According to Dr. Fiorito, “Most parents want to feel heard and seen by their pediatrician. Acknowledging their concerns without judgment is crucial. I would say something like, ‘I can understand why you would be nervous about this vaccine, given all of the scary things on social media. This is your baby! I can guide you in separating fact from fiction.’”
Dr. Stephens adds, “Motivational interviewing is one proven technique that can help parents move towards vaccinating their child. The gist of it is that you ask what the parent’s concerns or questions are, validate that it’s ok to have questions, address their concerns and focus on the benefits of vaccinating and ask permission to give a strong personalized recommendation. Even if parents don’t want to vaccinate that day, they will be able to consider the information you have provided, and maybe next visit they will be ready to vaccinate their child.”

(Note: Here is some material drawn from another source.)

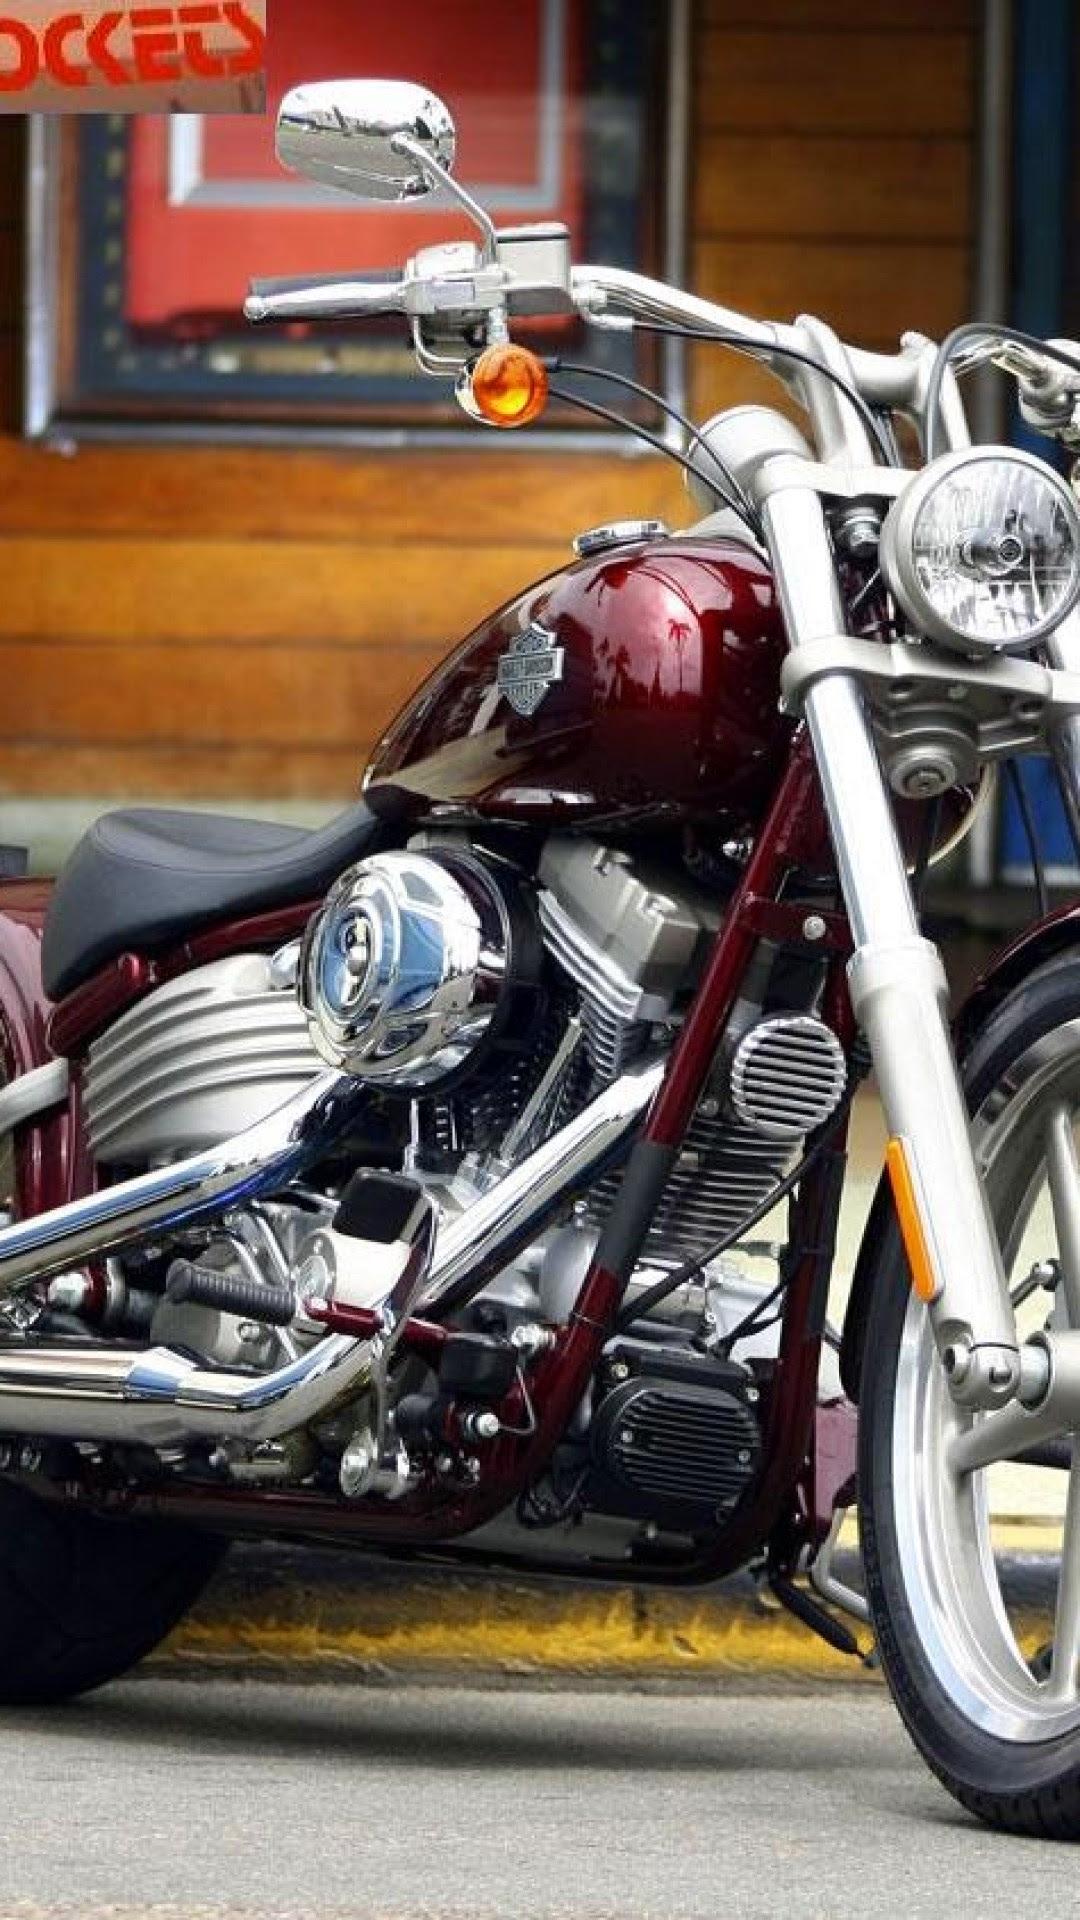 Download Kumpulan 85 Modifikasi Motor Jadul Jadi Harley Terbaik Dan

If a family declines the HPV vaccine
Every visit is an opportunity to vaccinate! If a parent declines, you can revisit the conversation at the next visit, or in as many visits as it takes. Many parents who initially refuse the HPV vaccine later agree to it.
To attempt to destigmatize HPV and look at the vaccine from an objective viewpoint, Dr Fiorito says to parents, “Say we had a vaccine that prevented lung cancer. It has very few side effects and it works extremely well. Would you then be interested? Why is this any different?”
“The majority of parents will vaccinate their child against HPV," says Dr. Stephens. “The protection against HPV-related cancers is better when the vaccine is given at younger ages, so that’s why it’s important to start the conversation about the vaccine at age 9 when children are eligible to be vaccinated. It gives you more opportunities to discuss the vaccine if the parents aren’t quite ready the first time you discuss it.”
HPV vaccination tools from AAP
Print and hang this free, colorful poster in exam rooms to introduce the subject. Also, the one-page HPV Vaccine Immunization Discussion Guide has speaking points for you to customize when you have those conversations.
AAP also has a toolkit of social media graphics, videos and other resources to share information with families about HPV and how the vaccine gets kids’ immune systems ready to resist the virus so they can live healthy lives.